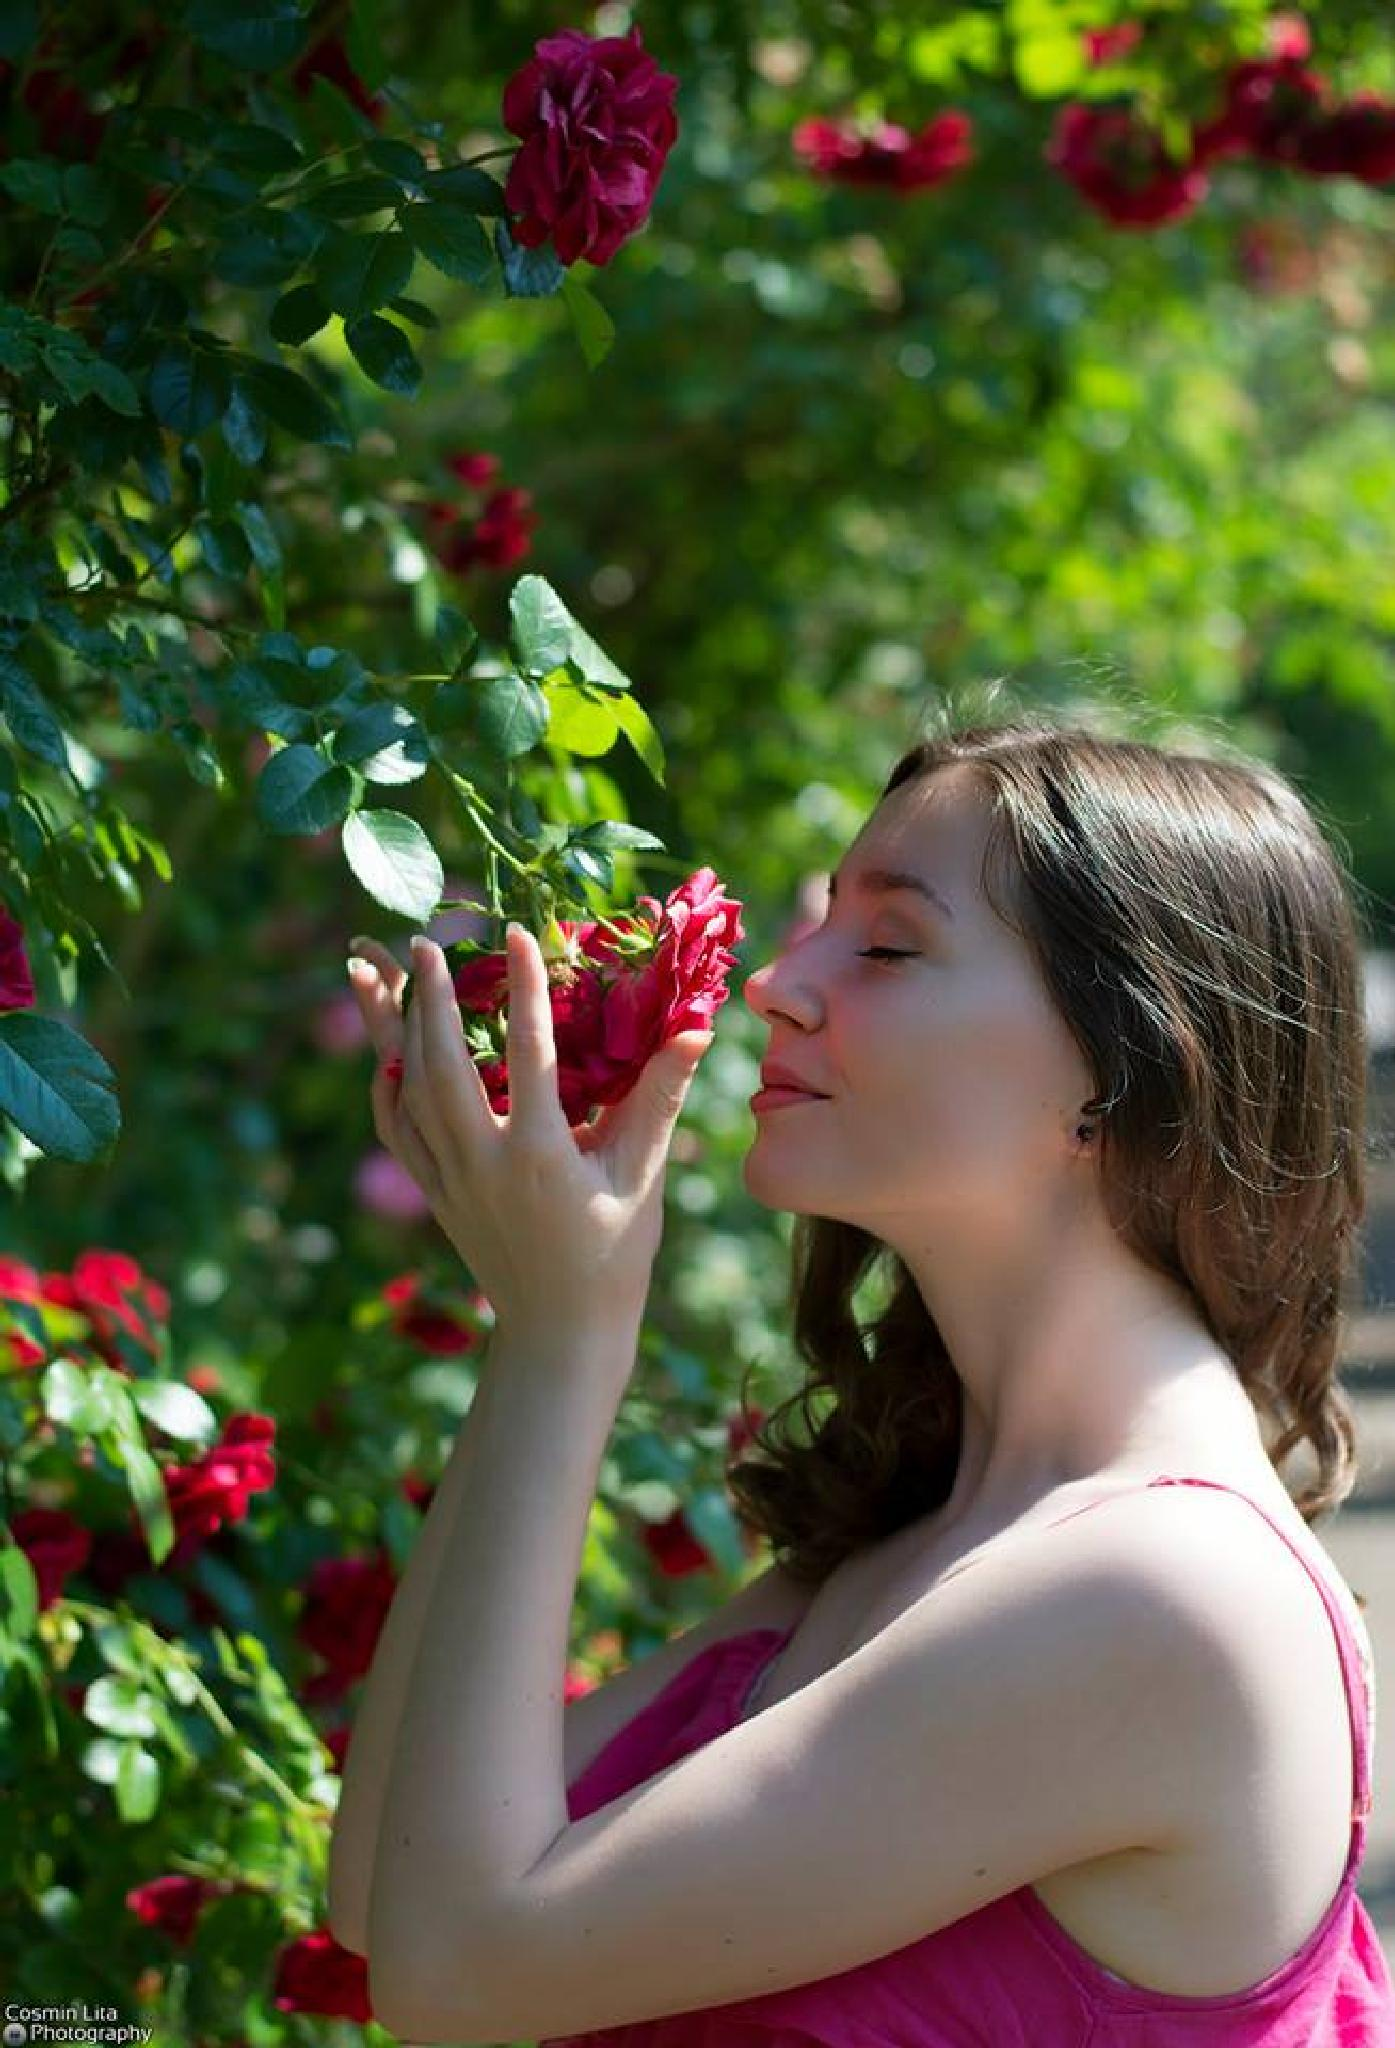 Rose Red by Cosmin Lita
· · · ·
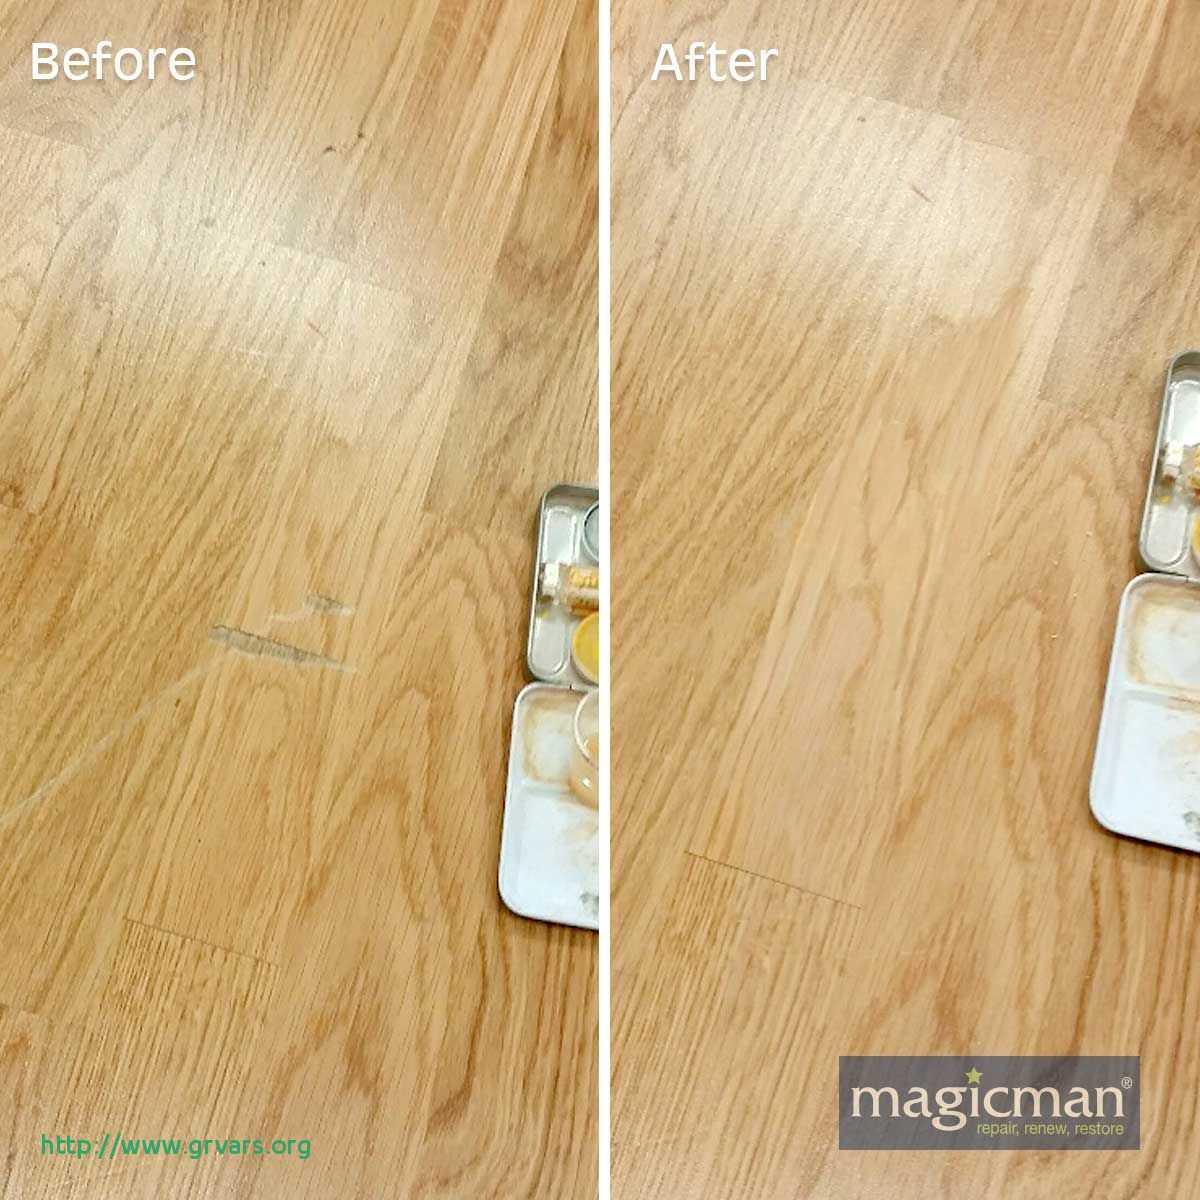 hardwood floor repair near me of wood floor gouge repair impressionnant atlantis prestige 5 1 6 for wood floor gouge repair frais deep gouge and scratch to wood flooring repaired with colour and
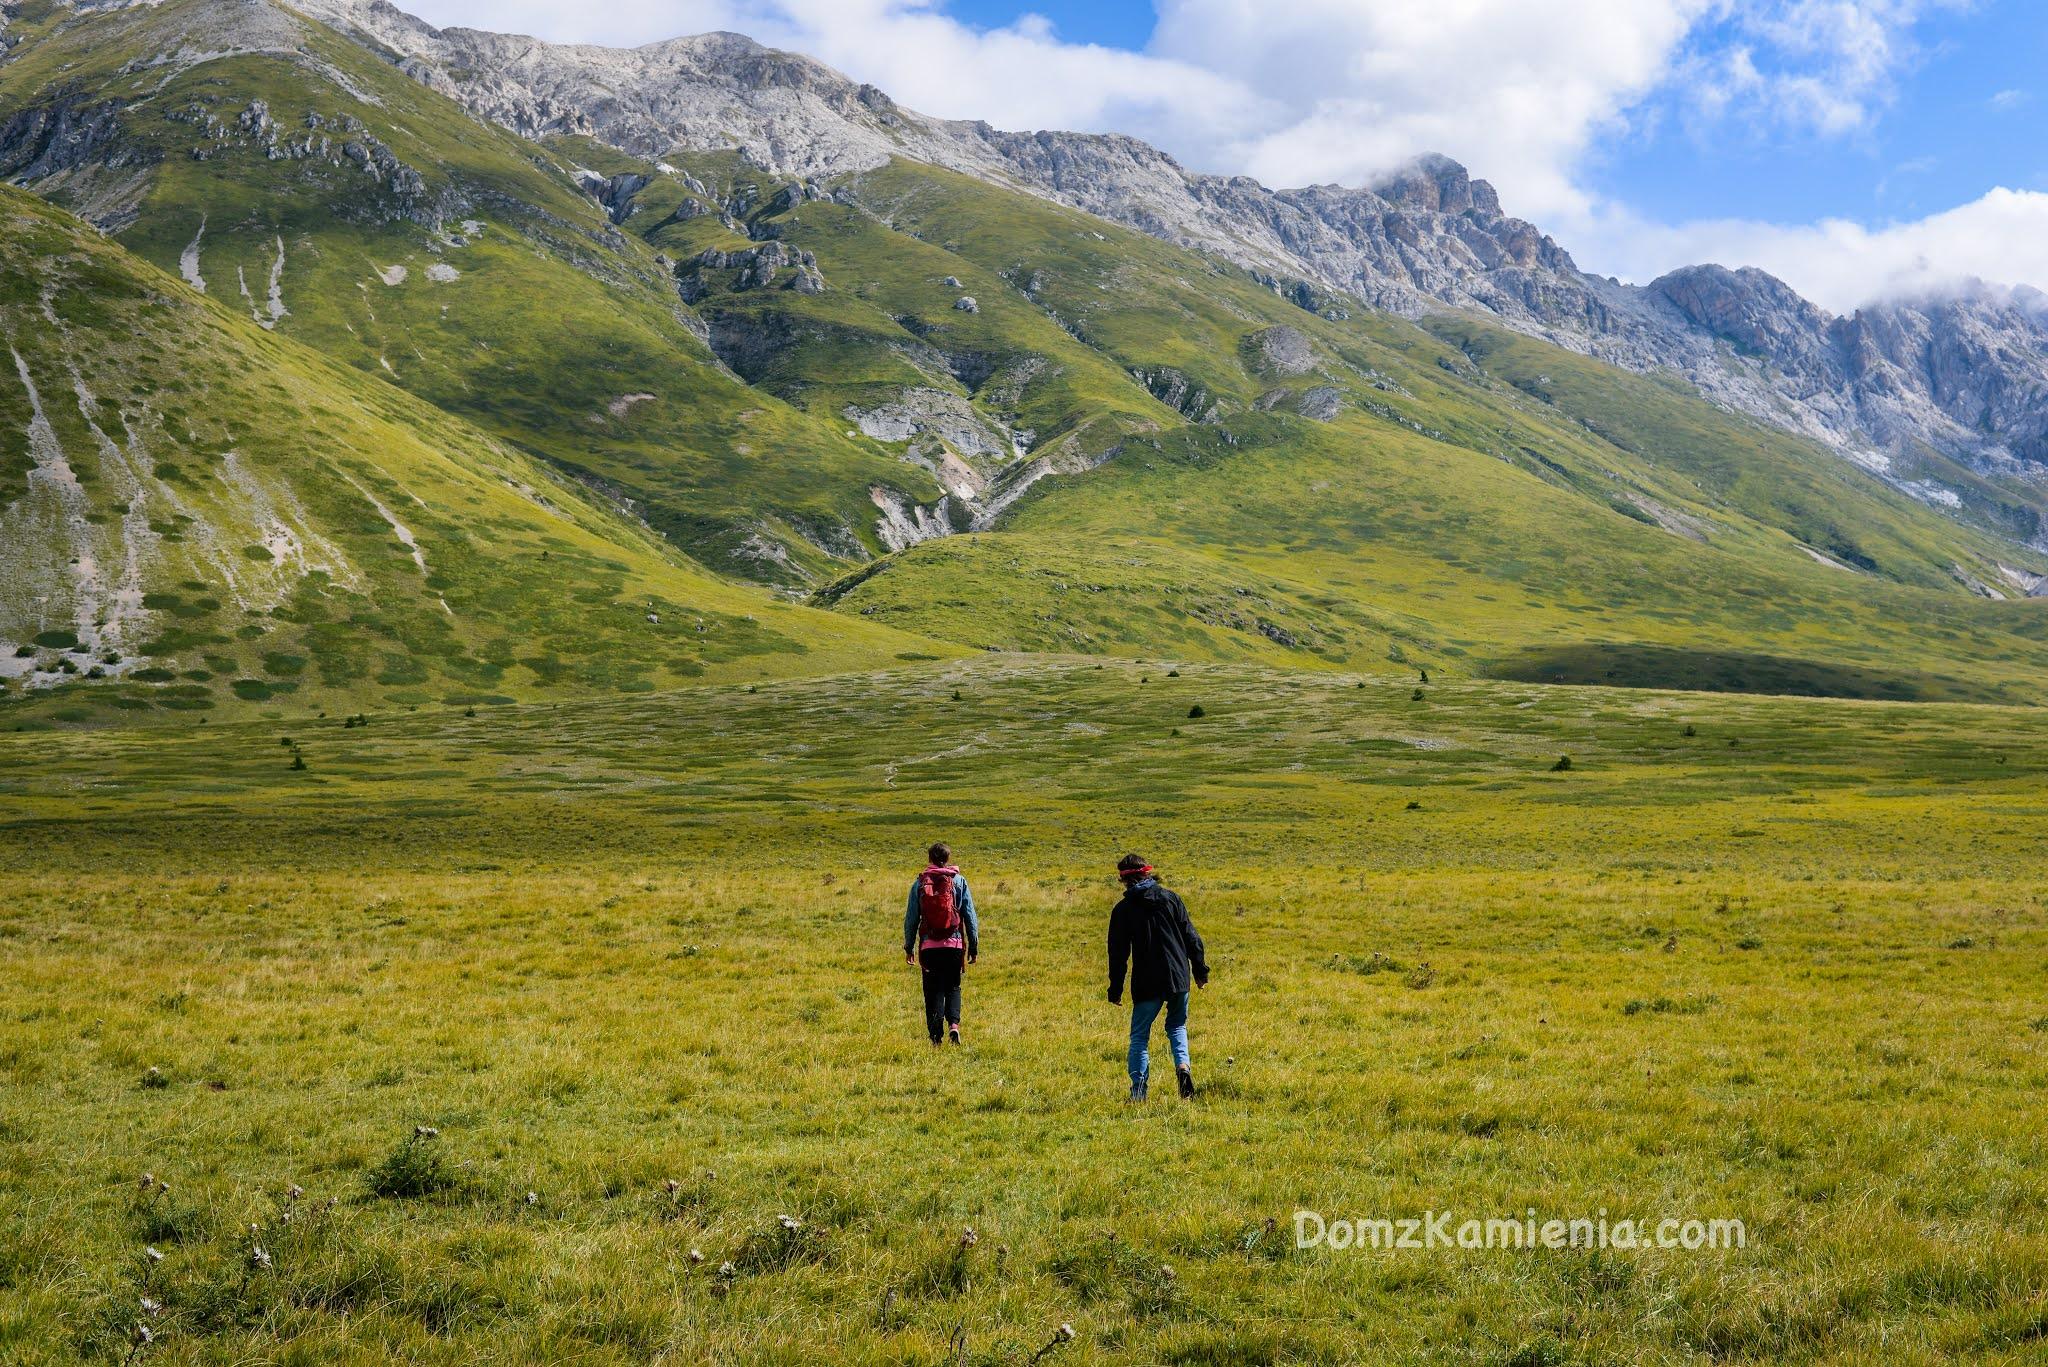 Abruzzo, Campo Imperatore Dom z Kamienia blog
· · · ·
Having found the line with "hardwood floor repair" and the line with "Abruzzo, Campo Imperatore" in the material above, write out exactly those two and every line between, leaving the pictures out.

#### Answer area:
 hardwood floor repair near me of wood floor gouge repair impressionnant atlantis prestige 5 1 6 for wood floor gouge repair frais deep gouge and scratch to wood flooring repaired with colour and
 Abruzzo, Campo Imperatore Dom z Kamienia blog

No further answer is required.